# Helping ID older snowblower



## Ovo (Nov 11, 2012)

Hi, Ive searched the net high and low to try and get some information on the a sears craftsman 5/23 2 stage snowblower. I think the model is C459-52228. Ill attach a photo of the tag. I think its a Canadian model.

What im looking for is the diagram or a part for the linkage from the throttle (on the carb) to the governor arm. Its a manual throttle control via a cable on this blower.

Any help most appriciated.

Ovo


----------



## Ovo (Nov 11, 2012)

Here is a picture of the missing linkage, hope its clear.


----------



## sscotsman (Dec 8, 2010)

A photo of the snowblower itself would be helpful..
someone might be able to ID who made it, just by what it looks like..

Scot


----------



## sscotsman (Dec 8, 2010)

Are you sure it is C459?
could you take a closer look at that middle digit?
C459 is coming up as something different..

Scot


----------



## Ovo (Nov 11, 2012)

Could maybe be a 6..... but on my google searches it brought up nothing. Does the C denote Canadian?

Thx

Ovo


----------



## sscotsman (Dec 8, 2010)

The C might designate Canada..not sure..
but there is a much more obvious thing that absolutely pegs it as a Canadian model! 
The label is in English and French! 
dead giveaway..so yes, its definitely a Canadian model.

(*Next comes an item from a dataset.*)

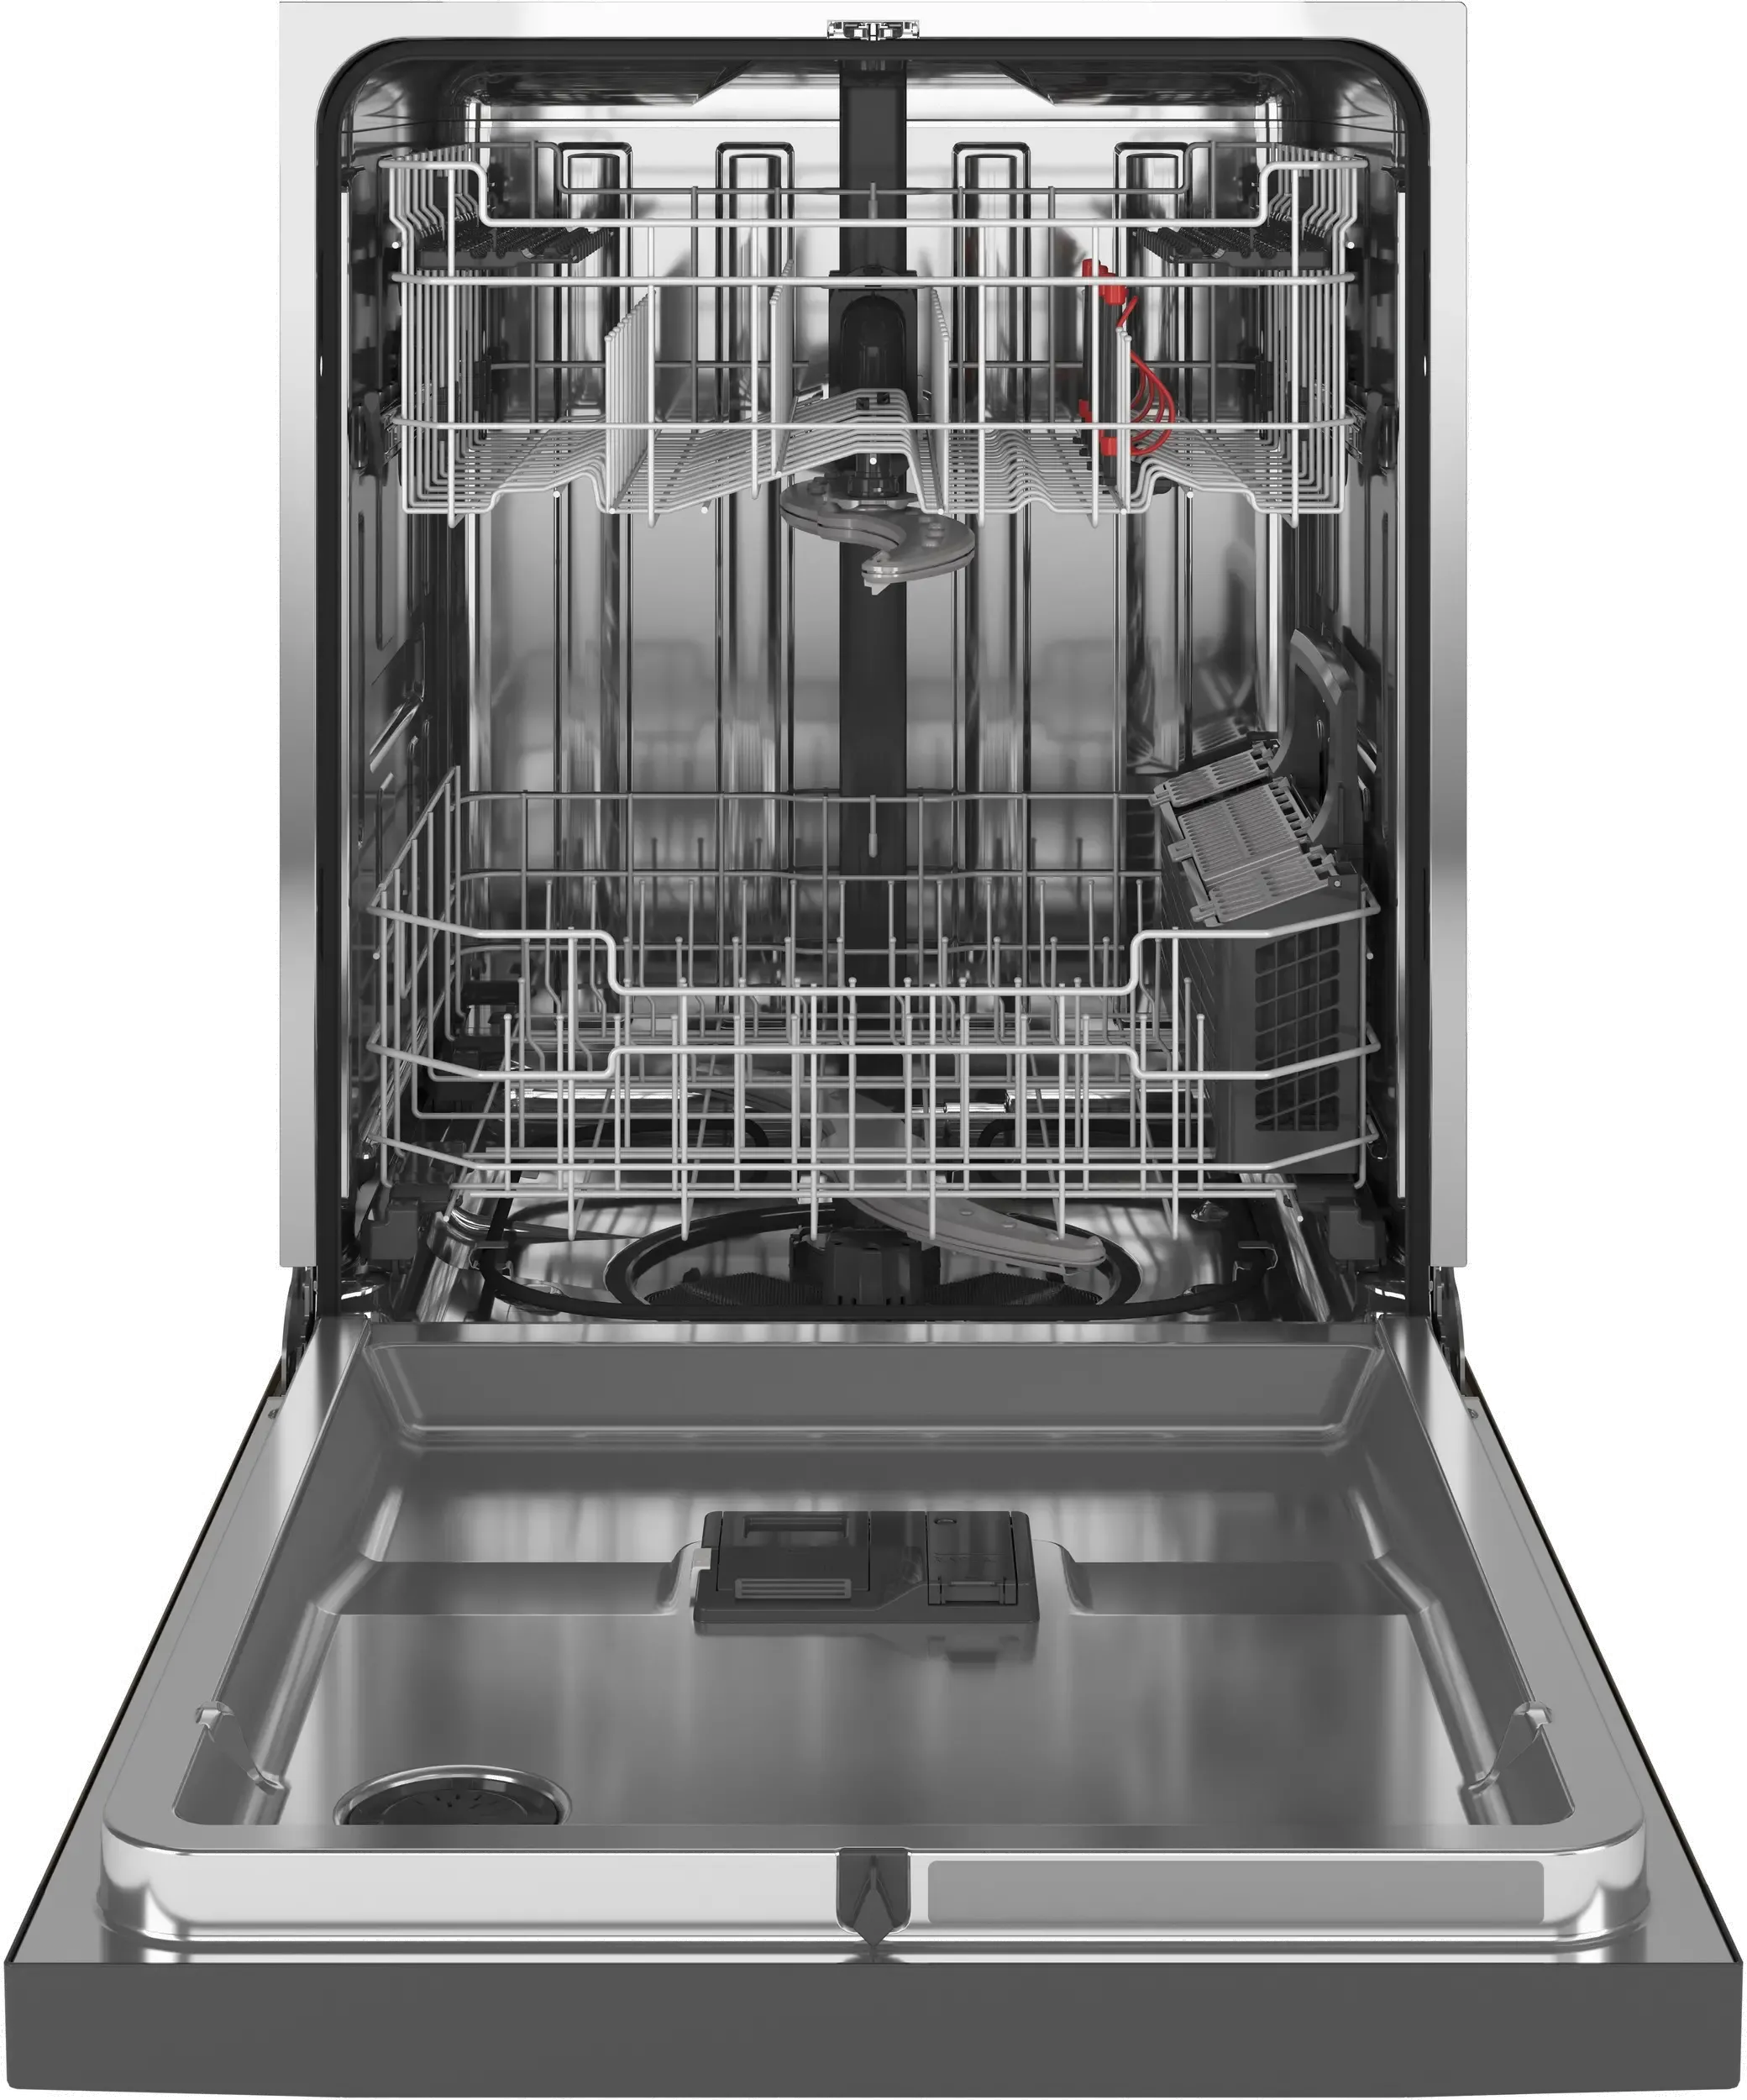 GE Top Control Dishwasher GDT645SMNES

Sears/Craftsman is known for having completely different USA vs. Canada snowblower models..made by different manufacturers..
which makes the origin of Canadian models somewhat harder to trace..

Scot


----------



## Ovo (Nov 11, 2012)

Lol, yes the French was the give away. I asked about the C as I was using it in my searches and wasnt sure if it was important part of the model or just a prefix.

Thx

Ovo


----------